My wife and I like to talk about packing up our 90-year-old house and finding our dream home. “Walk-in closets,” Sarah says with a sigh.
“A library, with bookcases from floor to ceiling,” I add. We jokingly plan to sell everything and move, like young lovers scheming to elope. Our 5-year-old son interrupts this fantasy with a sharp voice that is both serious and adorable. “Don’t say that. I love our house.”
We laugh, but it wasn’t long ago that Sarah and I had felt the same. We no longer see it through the eyes of two newlyweds, punch-drunk in love with each other and the dream of owning a home. What had changed in the 10 years since we bought it?
Growing up in Lakewood, I have always loved old houses. My mother would pedal her bike along Lake Avenue with me riding tandem behind her. I’d look up at those early-century relics and imagine what they looked like inside.
After we married, Sarah and I relished the idea of taking up in an old house. Rather than being tucked away on some suburban cul-de-sac, we wanted to be a part of an established neighborhood, where generations of families had made their lives before us.
We found the perfect house in Old Brooklyn. Built in 1925, it looked like a storybook cottage — gray wood shingle siding, a steeply pitched roof, multipaneled windows and half-timber framing over a welcoming front porch.
We fell in love on a walk-through, where we discovered refinished hardwood floors, original crown molding, arched doorways, built-in corner cabinets, a breakfast nook and an antique crystal chandelier that sparkled in the sunlight pouring through the dining room windows.
The house had flaws, but we didn’t care. Its smallness felt intimate. The cramped bathroom was just large enough for two newlyweds who didn’t mind bumping into each other while getting ready in the morning. Our light wardrobes fit snugly in its tight closets. The detached garage held everything we needed at the time — a two-door car, a pair of bikes and a lawn mower.
After we were deemed Mr. and Mrs. Homeowner, we began to fill the space with things we loved and paid homage to its vintage roots. I displayed my antique camera collection on a bookcase. We found a midcentury tube stereo at a Lakewood resale shop. But the first addition to our new-old house was a butler; not the living, breathing kind, but a 3-foot statue sporting a black jacket, gray top hat and a bushy mustache. We called him Sir Charles. He held an umbrella with one arm and a silver tray with the other, where I’d often drop my keys and wallet when I walked in the door. We had pieced together our dream house.

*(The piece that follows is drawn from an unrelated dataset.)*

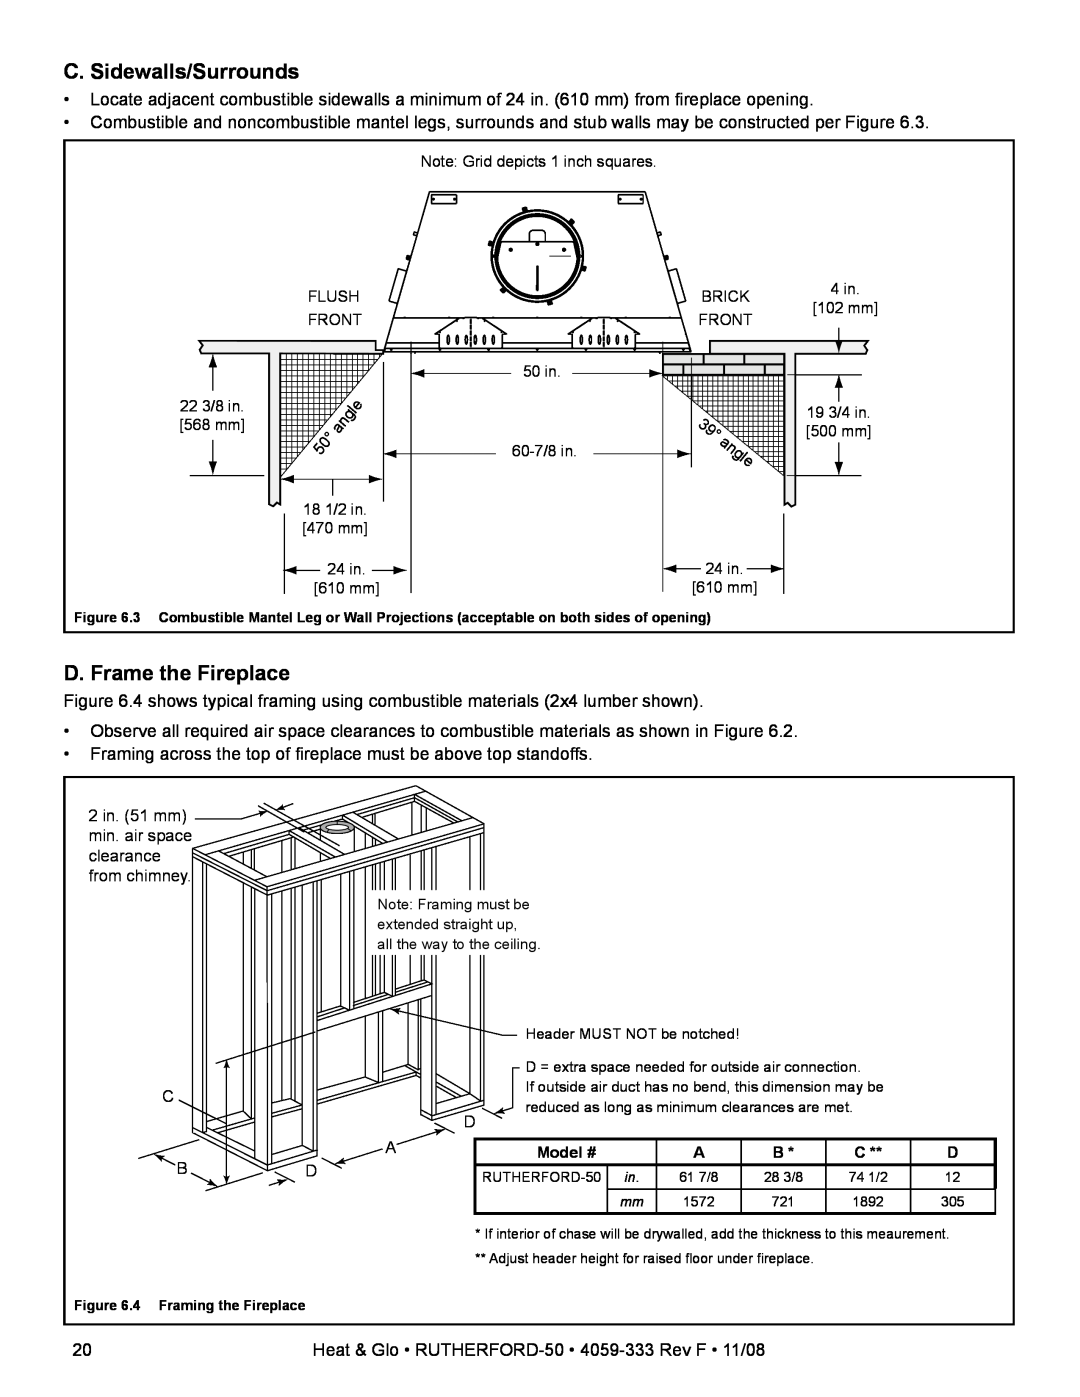 Hearth and Home Technologies RUTHERFORD-50 owner manual angle, C. Sidewalls/Surrounds, D. Frame the Fireplace 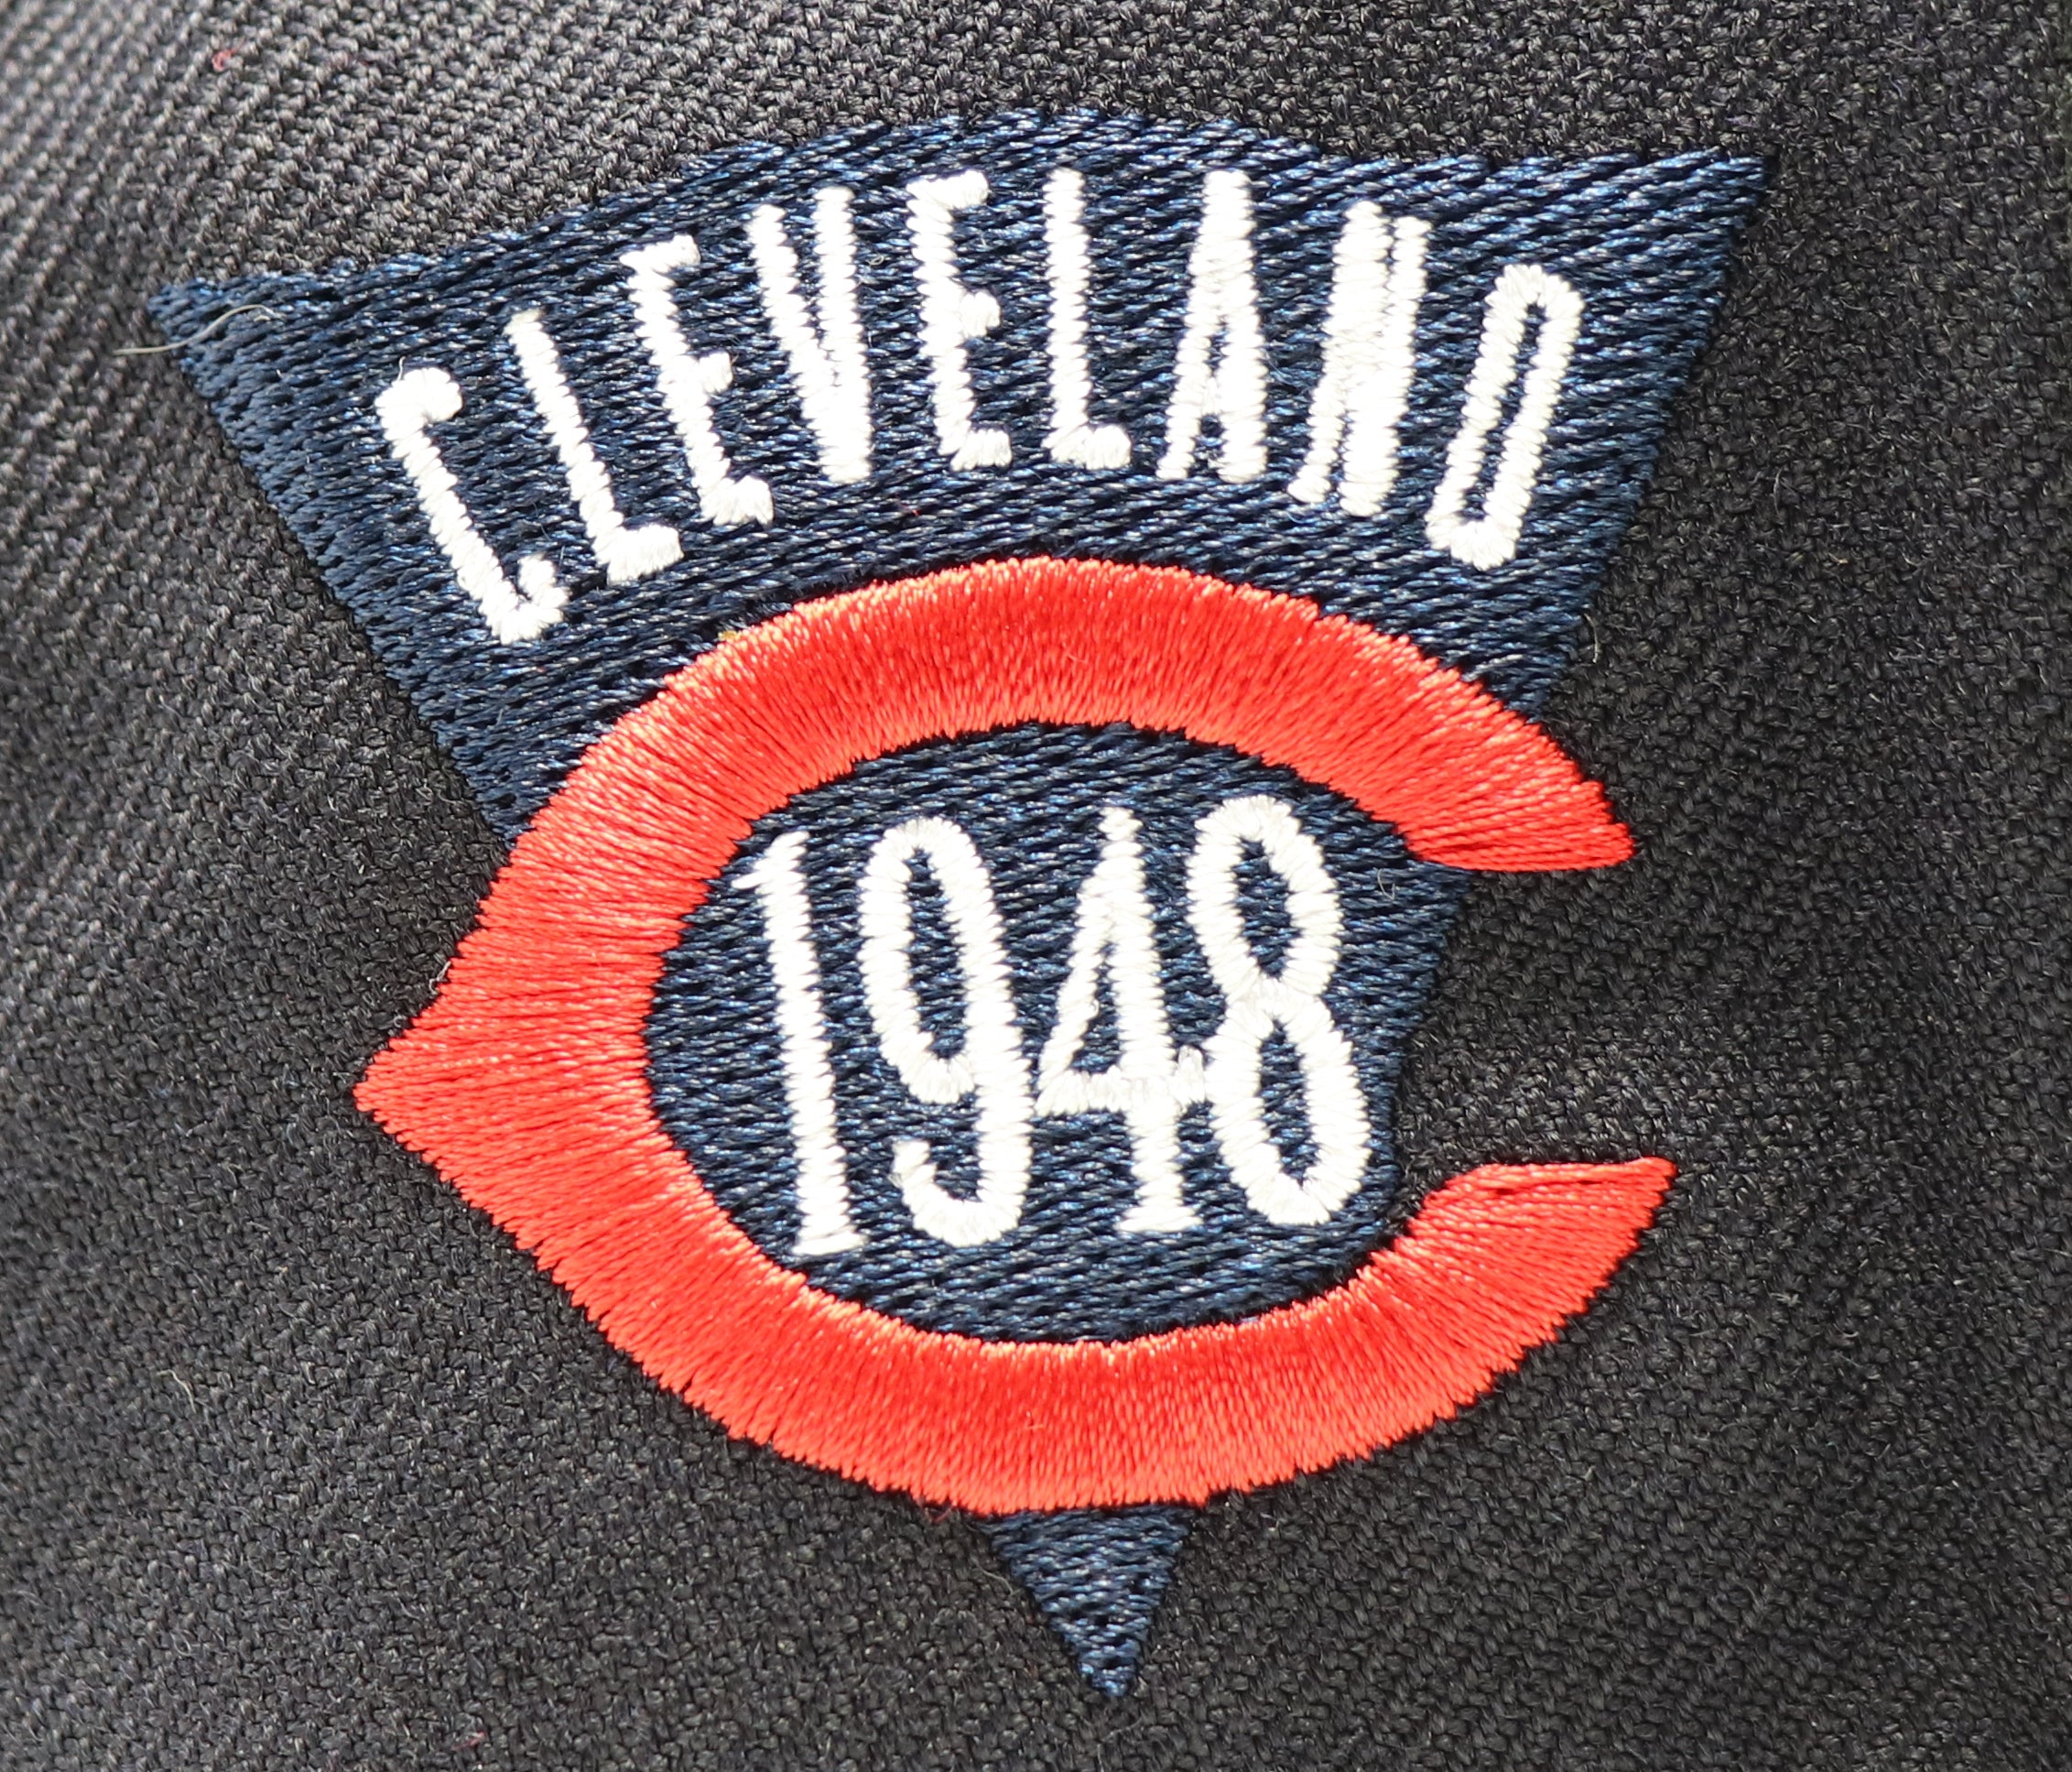 CLEVELAND INDIANS (1948 INDIANS) NEW ERA 59FIFTY FITTED (GREEN BOTTOM)

A few years later, my wife sat beside me and said she had something to tell me. She placed her hands on her knees, looked me in the eyes and whispered two words that changed our lives: “I’m pregnant.”
That summer, she gave birth to a baby boy. We put a bassinet in the corner of the living room and stared at him while he slept. At night, we were too nervous to move him, so we slept next to him — my wife on the couch, me on the floor — for the first week he was home.
As we settled into our new role as parents, the house did some settling of its own. We converted our guest bedroom into a nursery. When our son started crawling, we fitted our glass tables with corner pads. When he stood and took his first steps, we covered the living room floor with a brown area rug. And when he ventured into the backyard, we enclosed it with a wooden fence.
Three years and another baby bump later, we added a little girl to our family. The house shifted once again. To make room, I packed up my home office, carrying boxes of books and a desktop computer down to the basement. Sarah took down my framed movie posters and rolled pink paint over my office walls.
With each change, our home looked less and less like that house we had initially fallen in love with. But we couldn’t see it happening; it’s change you don’t see every day, like the fine lines that form across your face.
Our once immaculate hardwood floors are now covered in nicks and scratches. Sir Charles’ umbrella is missing — lost in an unfortunate accident — and he leans to his left with a permanent limp. Lego pieces, crayons, action figures, stuffed animals and other tiny things have taken over downstairs. Princess stickers decorate walls and doors, dried Play-Doh has crusted to the dining room table, stick-figure drawings of our family and rainbow finger-paintings hang in the kitchen.
This beautiful mess is not what we had envisioned a decade earlier, but it says something about us. We no longer want a spotless, everything-in-its-place house. We’ve embraced its imperfections and welcomed its surprises.
I realize that what has always drawn me to old houses is how they seem to have stories to tell. As we join the kids in the dining room with paints, brushes, scissors and glue to craft some new artwork for their bedrooms, this aging house tells ours.
If a dream home is a space that houses the moments that shape a family and draws them close, then we’ve had ours all along.